Superhuman Automated Forecasting
AI forecasting tools approaching crowd-level accuracy signal a near-term capability APS policy and risk teams may encounter in vendor proposals or decision-support contexts.
Key points
- Centre for AI Safety's FiveThirtyNine bot matches crowd-level forecasting accuracy on 177 Metaculus questions.
- The tool is pitched as a policy decision-support aid, helping policymakers reduce bias and assess uncertain risks.
- Limited APS-specific relevance; useful as context on AI-assisted decision-making capabilities, not an actionable guidance item.
Summary
The Centre for AI Safety has published FiveThirtyNine, a GPT-4o-based forecasting bot that matches the accuracy of crowd forecasters on a 177-question Metaculus evaluation set, with 87.7% accuracy versus the crowd's 87.0%. The bot uses structured web search, reason-weighing, and bias-adjusted probability outputs to respond to arbitrary queries. CAIS positions the tool as a potential aid for policymakers and public discourse, citing advantages in speed and cost over prediction markets. Known limitations include automation bias risk, no fine-tuning, poor performance on very recent events, and no reject option for invalid queries.
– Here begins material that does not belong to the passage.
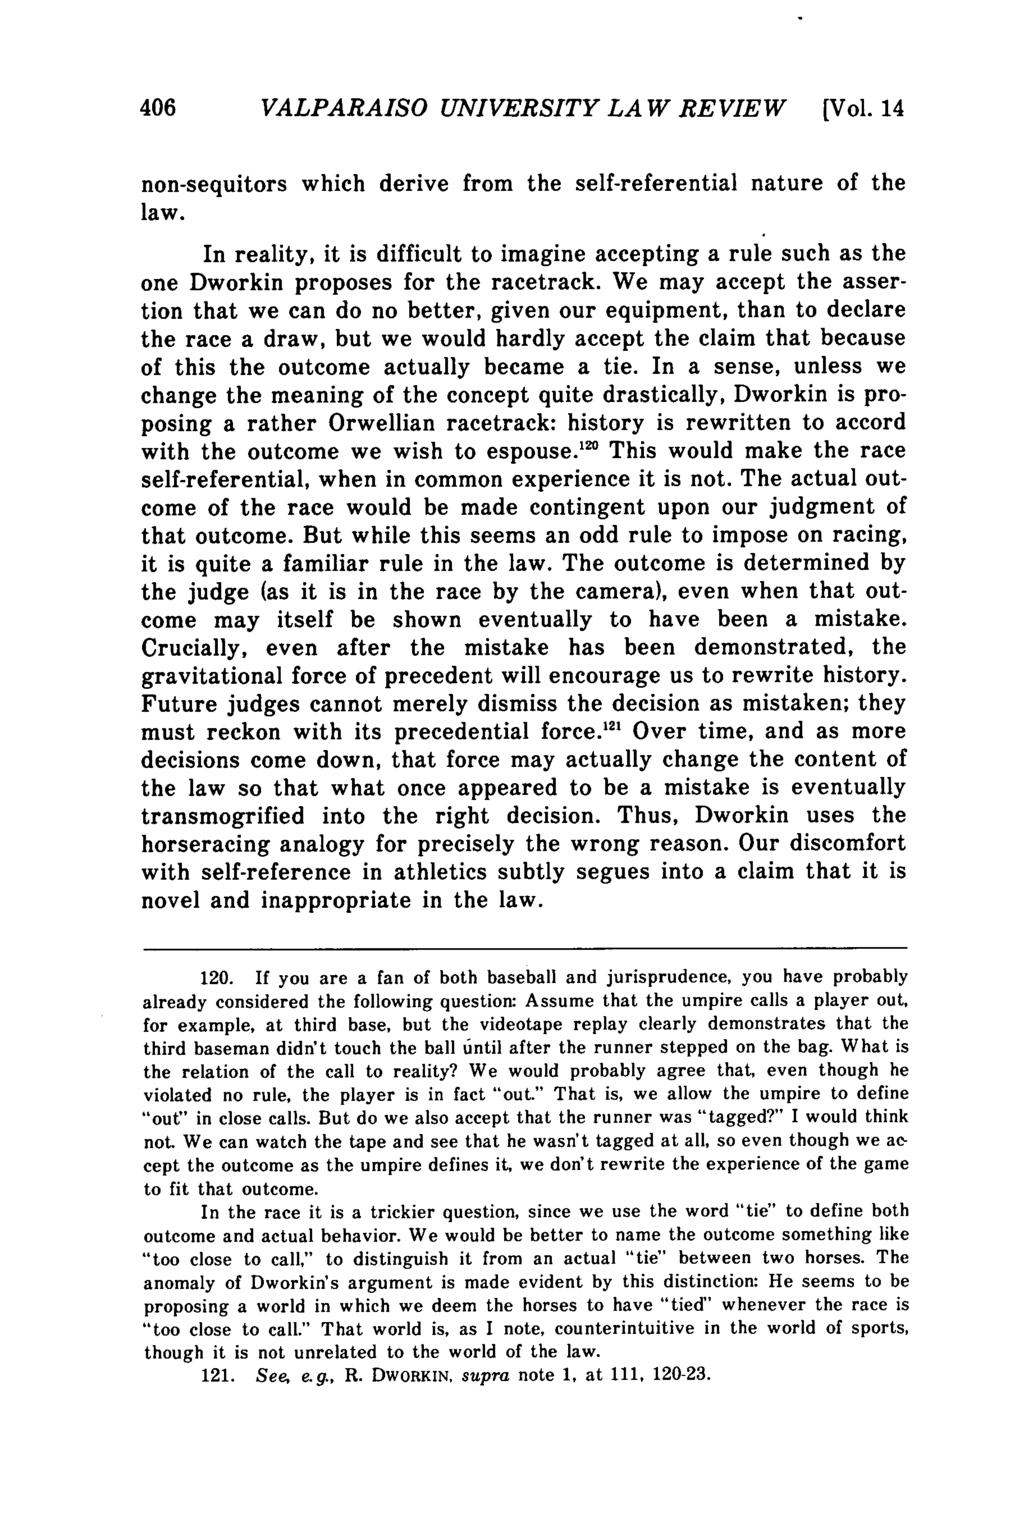 Valparaiso University Law Review, Vol. 14, No. 3 [1980], Art. 1 406 VALPARAISO UNIVERSITY LAW REVIEW [Vol. 14 non-sequitors which derive from the self-referential nature of the law.

Implications for Australian agencies
- Monitor APS policy and risk teams may want to monitor the maturation of AI forecasting tools as they are increasingly pitched to government as decision-support or horizon-scanning aids.
- Consider Agencies exploring AI-assisted decision-making could consider automation bias risks flagged in this release when evaluating any probabilistic AI outputs used in policy settings.
Implications are AI-generated. Starting points, not advice.
"Superhuman Automated Forecasting" Source: Centre for AI Safety – Blog Published: (undated) URL: https://safe.ai/blog/forecasting The Centre for AI Safety has published FiveThirtyNine, a GPT-4o-based forecasting bot that matches the accuracy of crowd forecasters on a 177-question Metaculus evaluation set, with 87.7% accuracy versus the crowd's 87.0%. The bot uses structured web search, reason-weighing, and bias-adjusted probability outputs to respond to arbitrary queries. CAIS positions the tool as a potential aid for policymakers and public discourse, citing advantages in speed and cost over prediction markets. Known limitations include automation bias risk, no fine-tuning, poor performance on very recent events, and no reject option for invalid queries. Implications for Australian agencies: - [Monitor] APS policy and risk teams may want to monitor the maturation of AI forecasting tools as they are increasingly pitched to government as decision-support or horizon-scanning aids. - [Consider] Agencies exploring AI-assisted decision-making could consider automation bias risks flagged in this release when evaluating any probabilistic AI outputs used in policy settings. Retrieved from SIMS, 18 May 2026.